From the island of Iona, missionaries of the Irish Church had effected the conversion of the Northumbrians. Augustine with his handful from Rome had introduced Christianity into the little subject Kingdom of Kent. From Northumbria the disciples of Iona penetrated Essex and made converts also there. But in Mercia Mid-England paganism was supreme, and the terrible Penda made himself paramount from the Thames and Wash to the Severn. The West Saxons were cowed.
But S. Oswald, the Northumbrian king, restored the older domination of Northumbria, only to fall again. For thirty years Penda flung himself with fury against the Northern kingdom, and devastated it with fire and sword. Towards the end of his long reign he entrusted the government of the Mid-Angles to his son Peada, who married Alcfleda, daughter of the Northumbrian king, and at the same time received baptism from the hands of the Celtic bishop Finan.
Thus Christianity began to infiltrate into Mid-England also from the North and from the Celtic Church; and missionaries from Lindisfarne followed him into his principality.
The savage old pagan Penda acquiesced—perhaps he thought it inevitable that England should become Christian. The Britons to a man believed. All Northumbria had submitted to the Cross; the conversion of the East Saxons and of Wessex was in full progress. Penda raised no opposition, but poured forth the vials of his scorn upon such as had been baptised, and who did not live up to their baptismal promises. “Those who despise,” said he, “the laws of the God in whom they believe, are despicable wretches.”
But, notwithstanding the union by marriage between the families, the rivalry between Mercia and Northumbria could not be allayed; it must be decided on the battlefield. It was only when driven to desperation by the encroachments and insults of Penda, that Oswy resolved to engage in a final conflict with the man who had defeated and slain his two predecessors, Edwin and Oswald. During the thirteen years that had elapsed since the overthrow of Oswald, Penda had periodically subjected Northumbria to frightful devastations. Oswy, knowing his weakness, when the eighty-year-old pagan had got as far north as Bamborough, entreated for peace, and sent him a present of all the jewels and treasures of which he could dispose. Penda set them aside roughly, resolved, so it was believed, to root out and destroy the whole Northumbrian people. Then, in his despair, Oswy vowed—should God strengthen his hand and lead him to victory—that he would give his infant daughter to God and endow twelve monasteries. “Since the pagan will not take our gifts,” he said, “let us offer them to One who will.”
The battle of Winwaed resulted in the complete rout of the Mercians and their wholesale destruction, and Penda himself fell.
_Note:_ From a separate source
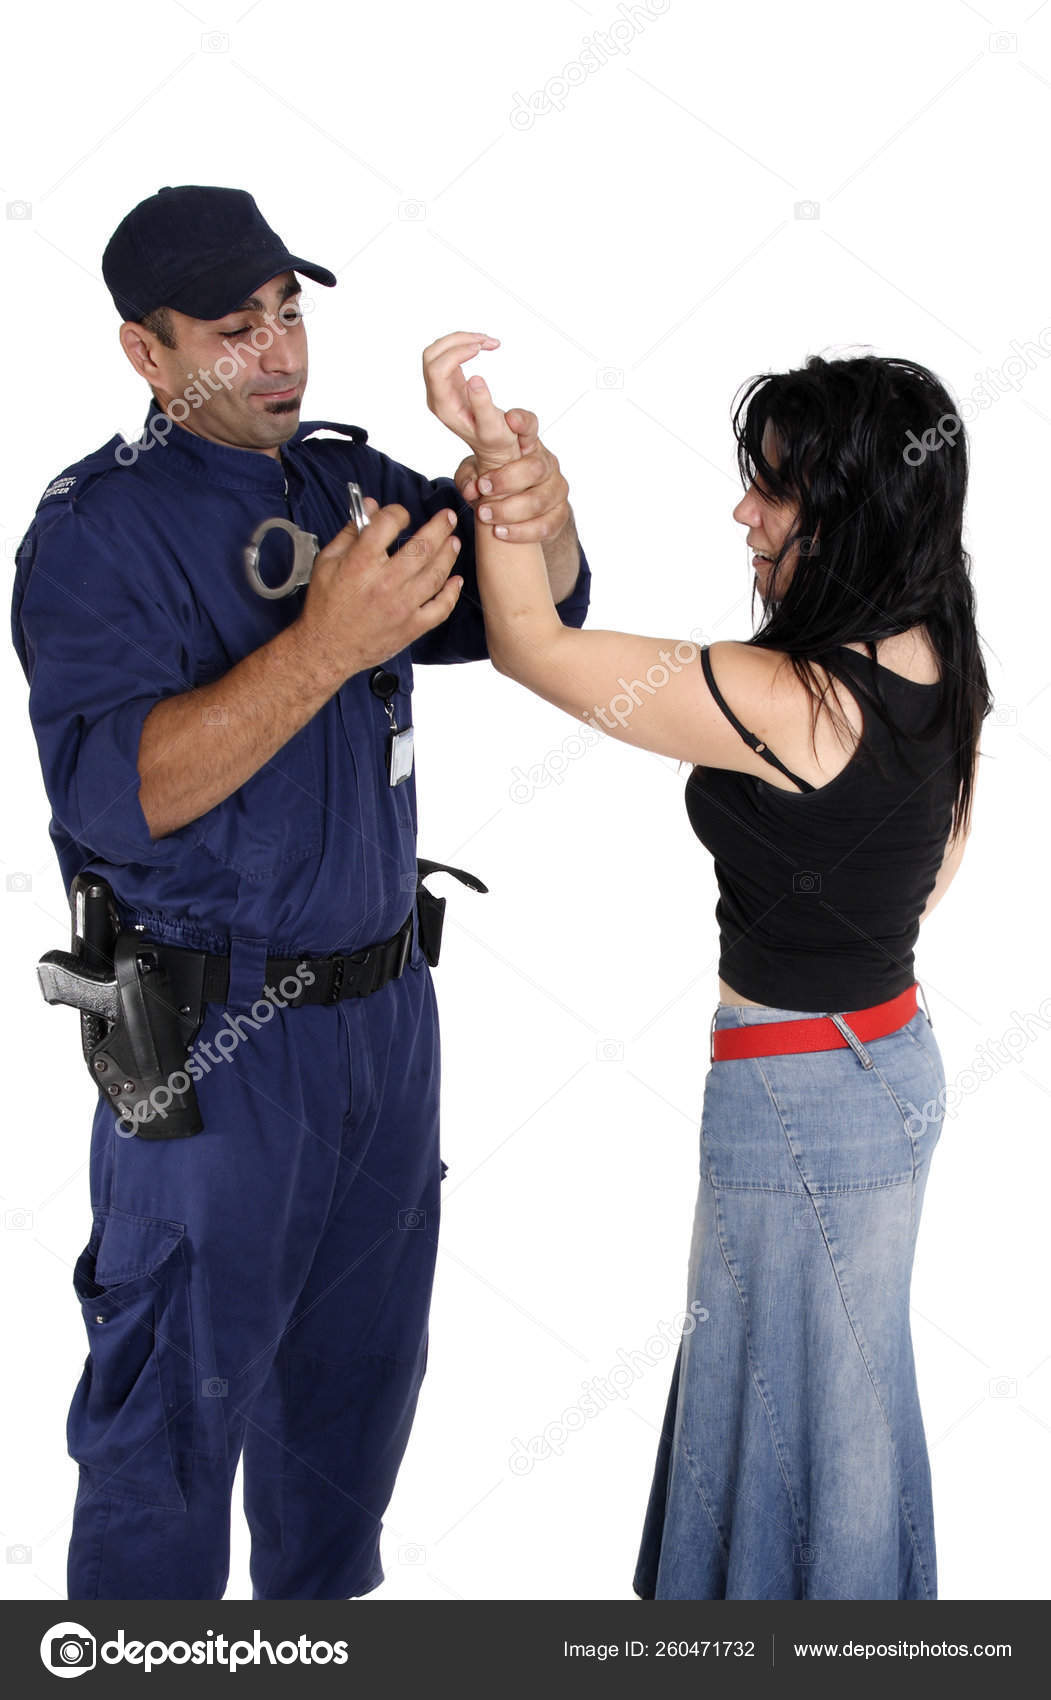 Парень надевает наручники. Человек в наручниках. Полиция наручники. Женщина полицейский с наручниками. Женщины в наручниках полиция.

For the moment the ruin of Mercia seemed complete, and Oswy extended his supremacy over the whole of it. For three years the Mercians endured this foreign rule; but in 659 they surged up in revolt, drove the Northumbrian thanes from the land, and raised Wulfhere, a younger son of Penda, to the throne.
Under the able arm of this new king Mercia rose once more into a power even greater than that under Penda. Oswy died in 670, and thenceforth no Northumbrian king made any attempt to obtain the dominion over the Mid or Southern English.
During the three years after the death of Penda, Oswy had poured missionaries into Mercia. Peada had already brought the Irish monk Diuma with him, and he became bishop in Mercia. He was followed by another Irishman, Ceolach, a disciple of S. Columba. The third bishop was Trumhere, a Northumbrian abbot, consecrated at Lindisfarne. His successors, Jaruman and Ceadda, had also been ordained by the Scots.
In 658 Wulfhere had married Ermenilda, daughter of Ercombert, King of Kent, and of his wife S. Sexburga. This was just before the revolt which raised him to the throne. He does not seem to have been a Christian like his brother Peada, but to have felt much like old Penda, his father.